View Full Version : problems communicating with older parents
frugalman
Oct 12th, 2010, 09:18 PM
does anyone have these problems?
you're in your mid 20's to mid 30's, and you have a hard time talking and even chatting with your parents..
Baseball_Boy
Oct 13th, 2010, 06:30 PM
Is there a particular topic or just chatting with your folks in general?
frugalman
Oct 13th, 2010, 07:58 PM
Is there a particular topic or just chatting with your folks in general?
just chit chatting. i find this problem might be both directions..
nalababe
Oct 13th, 2010, 09:51 PM
does anyone have these problems?
you're in your mid 20's to mid 30's, and you have a hard time talking and even chatting with your parents..
No I don't have this problem. I've talked with my parents since I was little (now close to 40).
Mrbj
Oct 14th, 2010, 11:13 AM
Just dont think about it, it'll be just fine. Unless you live with them, you dont need to worry about this. Children are the main resource of comfort for Older parents, so put your self in there situation you may find a way. Generation after generation topics of interest change, so this is part normal.
dafunkgirl20
Oct 17th, 2010, 08:29 AM
I can somewhat relate, however my little sister who is 4.5 years younger than me can truly relate to you!!
My parents were 36 years old when they had me and 40 when they had my sister - that's a significant age gap, calculate in as well that my parents were brought up in communist Europe and we're brought up in Canada!!
A good example of challenges I faced growing up is - when I turned 18, I wanted to go out to the bar and go clubbing with friends. Well I asked my parents if I could go to the bar. They were disgusted that I wanted to do such a thing - apparently a BAR back home was considered a place where you go to meet sex partners and stuff. I told them it's nothing like that!!! It wasn't until years and year later that I realized that I shouldn't have refered to it as a bar but rather I should have asked to go to the DISCO and everything would have been FINE!!!
I have an easier time communicating with them now, likely because I have children. My sister was never really close to my parents, and we had a lot of resentment because everything we did or wanted to do was compared to whether or not they were allowed to do that back when they were younger!!!!
At times we're also finding it difficult to communicate with them. My parents speak a bit of English - enough to get by... but we converse with them in thier native tongue. Although for me, english is my second language - I tend to think in English as the only people I get to practice my first language with is my parents!
I think the best way to deal with it, is try to understand where they are coming from and let them understand where you are coming from.
JAGpilot
Oct 18th, 2010, 12:10 AM
I would say I can relate in a few areas, more so with my dad.

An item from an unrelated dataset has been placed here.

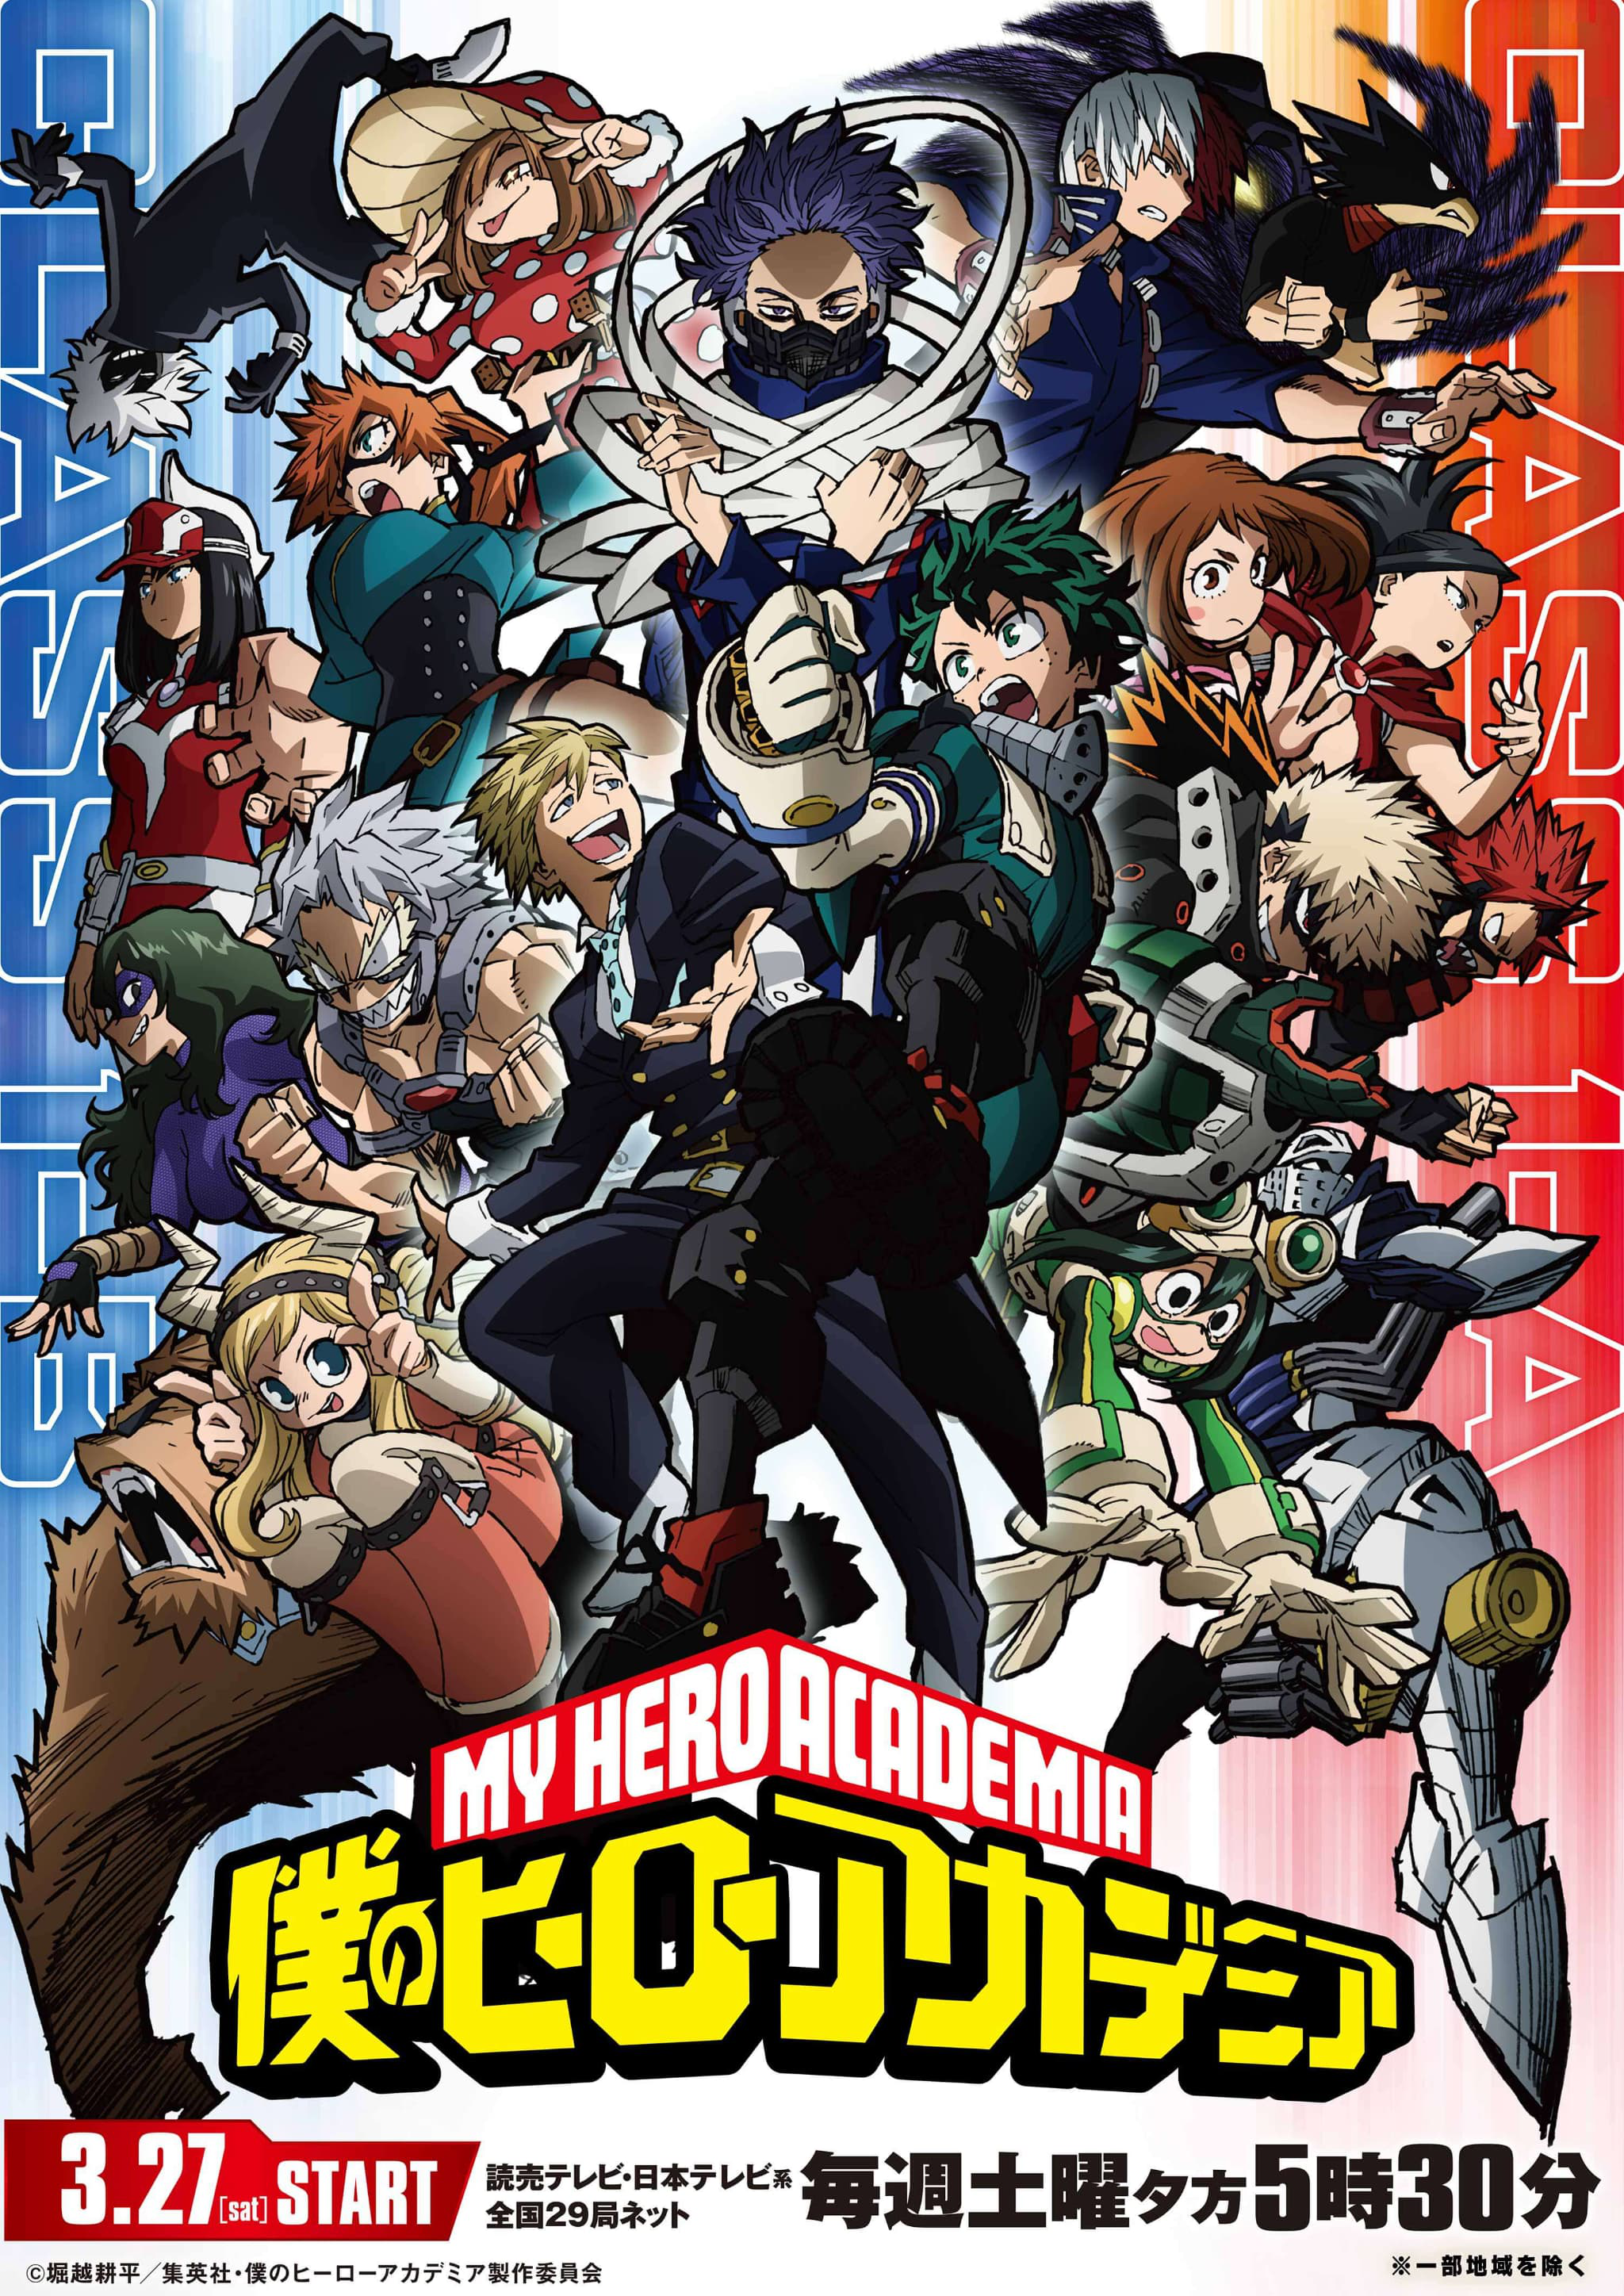 My Hero Academia chapter 376 delay and potential release date explained

He is a very old fashioned type of person in terms of his way of thinking. He uses technology (basic stuff) but still relies on notebooks, agendas, and written plans. I feel his mindset is that of an older person when it comes to most things and frequently quotes stuff that is no longer valid (ie. he talks about cars that haven't been produced for 30 years in comparison to modern vehicles). I frequently become infuriated when I try to talk to him about things because he tries to push his outdated/nervous/paranoid opinions onto me. He thinks of the most far fetched and marginally-possible outcomes as an excuse for telling me not to do something or go somewhere.
gman
Oct 18th, 2010, 01:02 AM
Different generation has different way of thinking. In order to communicate, either one of you needs to the tune to the same "brain wave frequency". Some people has a wider range and some people has shorter range. You have problem to communicate with your older parent and one day you will find your kids have problem to communicate with you too.
I am a "get to the point" person. My mother is a "take forever to get to the point" person. When I ask a question, a 'yes' or 'no' will do. She would just talk about sometime she thinks is relevant and keep going. By the time she is done, we both will forget what I asked.